Her commitment to prisoners’ rights dates back to her involvement in the campaign to free the Soledad Brothers, which led to her own arrest and imprisonment. Today, she remains an advocate of prison abolition and has developed a critique of racism in the criminal justice system. She is a founding member of Critical Resistance, a national organization dedicated to the dismantling of the prison industrial complex. She is also affiliated with Sisters Inside, an abolitionist organization based in Queensland, Australia, that works in solidarity with women in prison.

During the last 25 years, Davis has lectured in each of the 50 United States, and in Africa, Europe, the Caribbean and the former Soviet Union.

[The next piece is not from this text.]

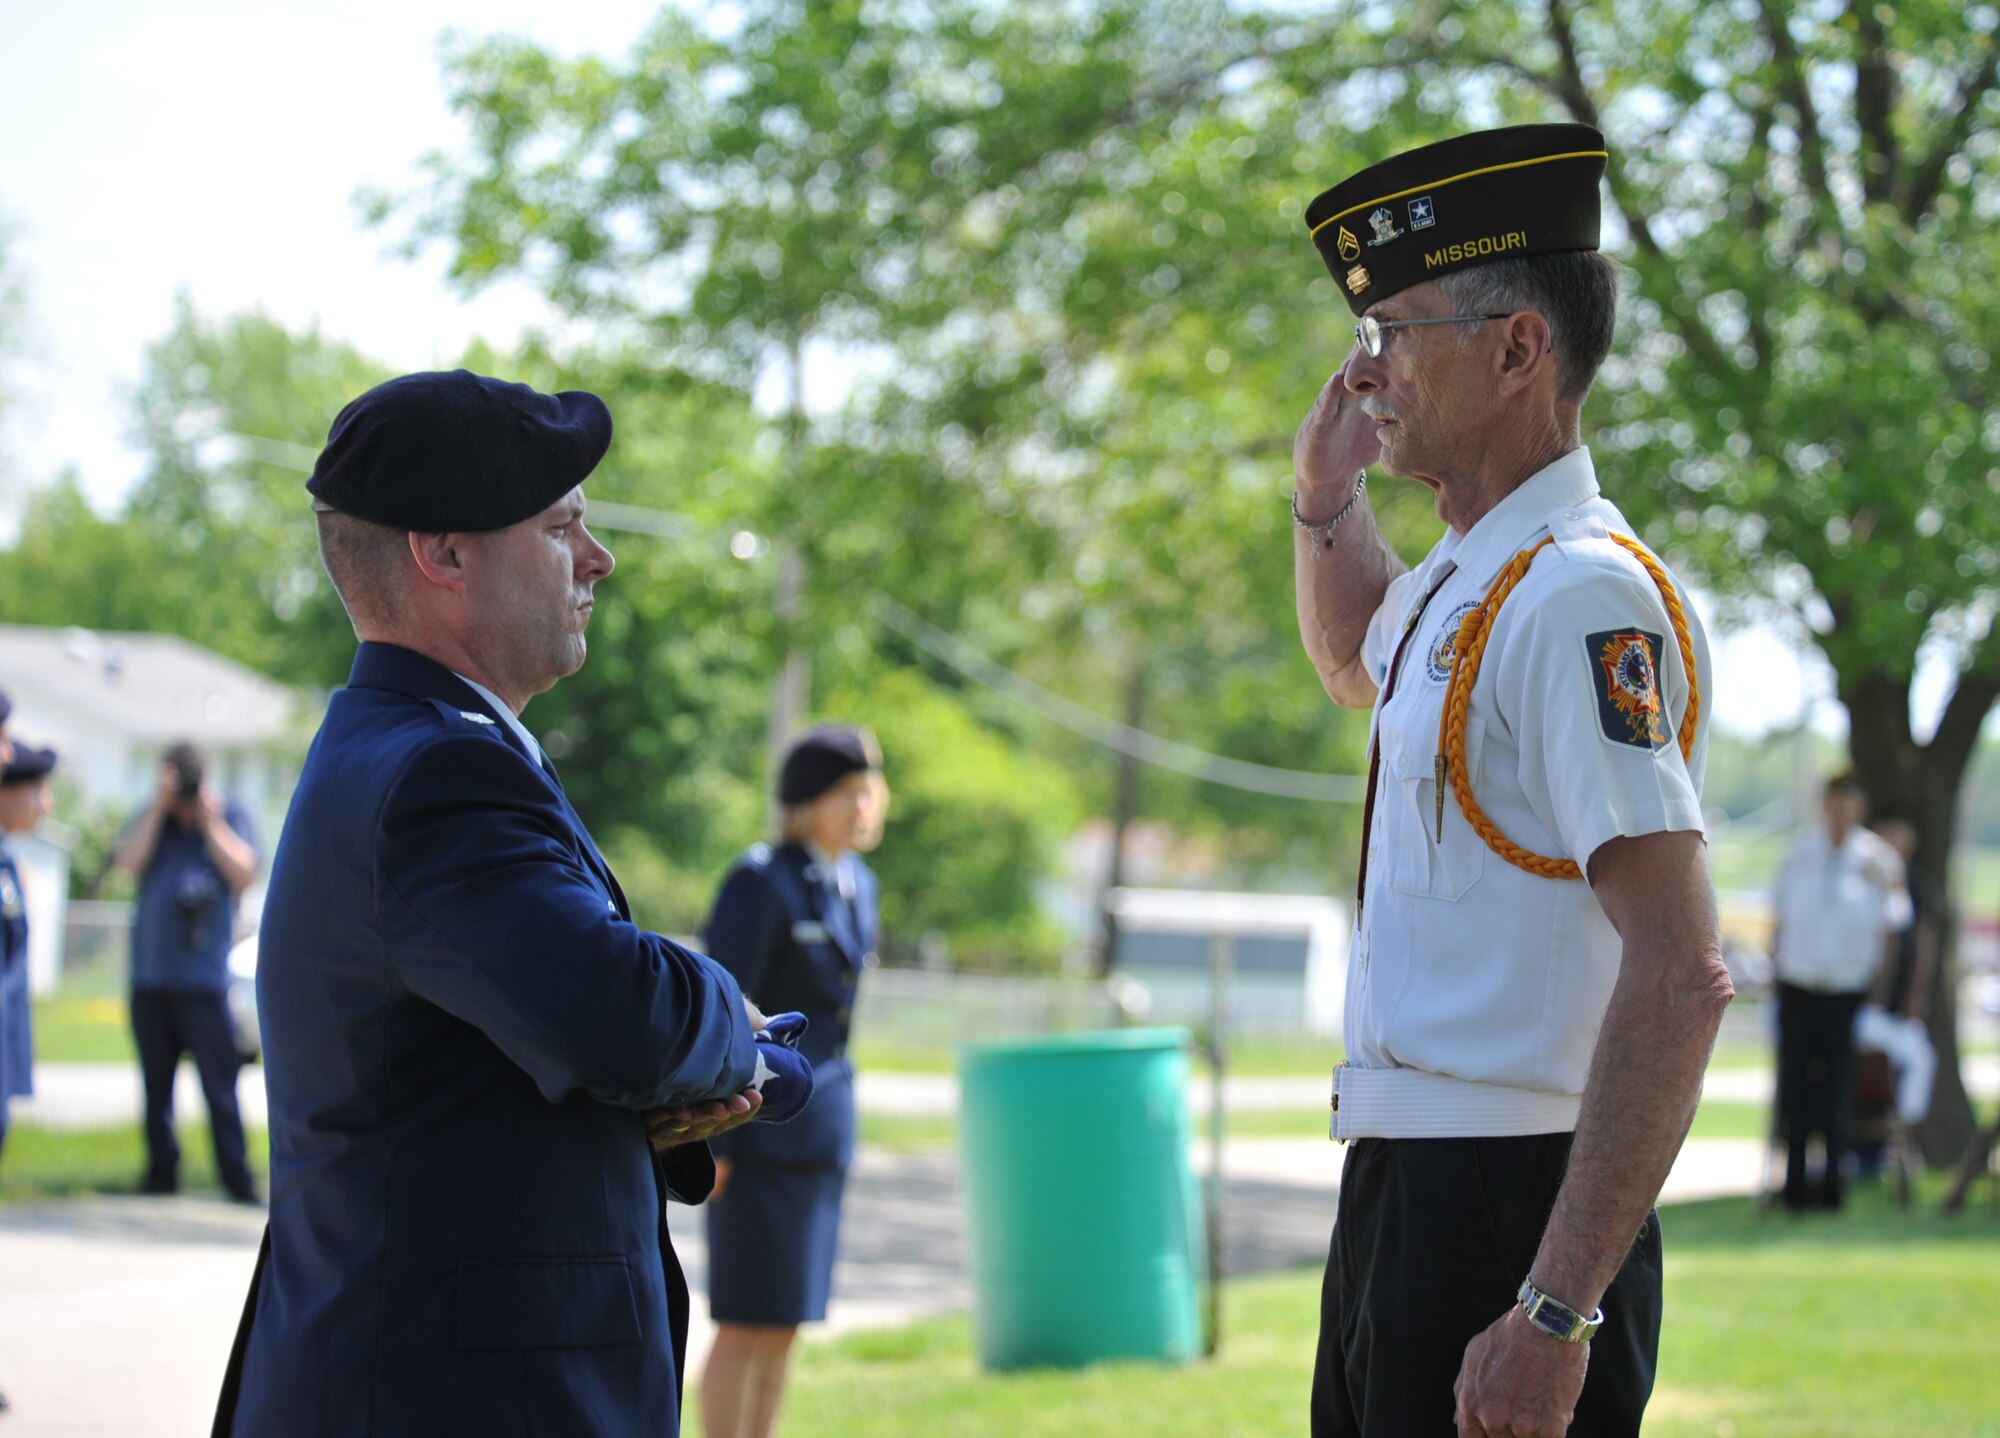 Joe Cochran, president of the local Veterans of Foreign Wars, salutes the flag held by Lt. Col. Christopher Neiman, 509th Security Forces Squadron commander, during a wreath-laying ceremony for 2nd Lt. George Whiteman May 18, 2013, in Sedalia, Mo. Whiteman, who was born in Sedalia in 1919, died during the attack on Pearl Harbor on Dec. 7, 1941. (U.S. Air Force photo by Senior Airman Brigitte N. Brantley/Released)

Her articles and essays have appeared in numerous journals and anthologies and she is the author of nine books, including Angela Davis: An Autobiography; Women, Race and Class; Blues Legacies and Black Feminism: Gertrude “Ma” Rainey, Bessie Smith and Billie Holiday; Abolition Democracy, and Are Prisons Obsolete?

Former California Governor Ronald Reagan once vowed that Davis would never again teach in the University of California system. In 1991, however, Davis became a professor in the field of the history of consciousness at the University of California, Santa Cruz. In 1994, she received the distinguished honor of an appointment to the University of California Presidential Chair in African American and Feminist Studies. She became a professor emerita in 2008.

Vanderbilt’s Walter Murray Commemorative Lecture is named for the Rev. Walter R. Murray Jr., a Nashville native and Vanderbilt alumnus who was a founder of the Association of Vanderbilt Black Alumni and the Afro-American Student Association.

He later became the first African American to serve on the university’s Board of Trust. He was elected a Young Alumni Trustee in April 1970 and served until 1972. One of the 10 houses of The Ingram Commons, Vanderbilt’s first-year student living-learning community, also bears his name.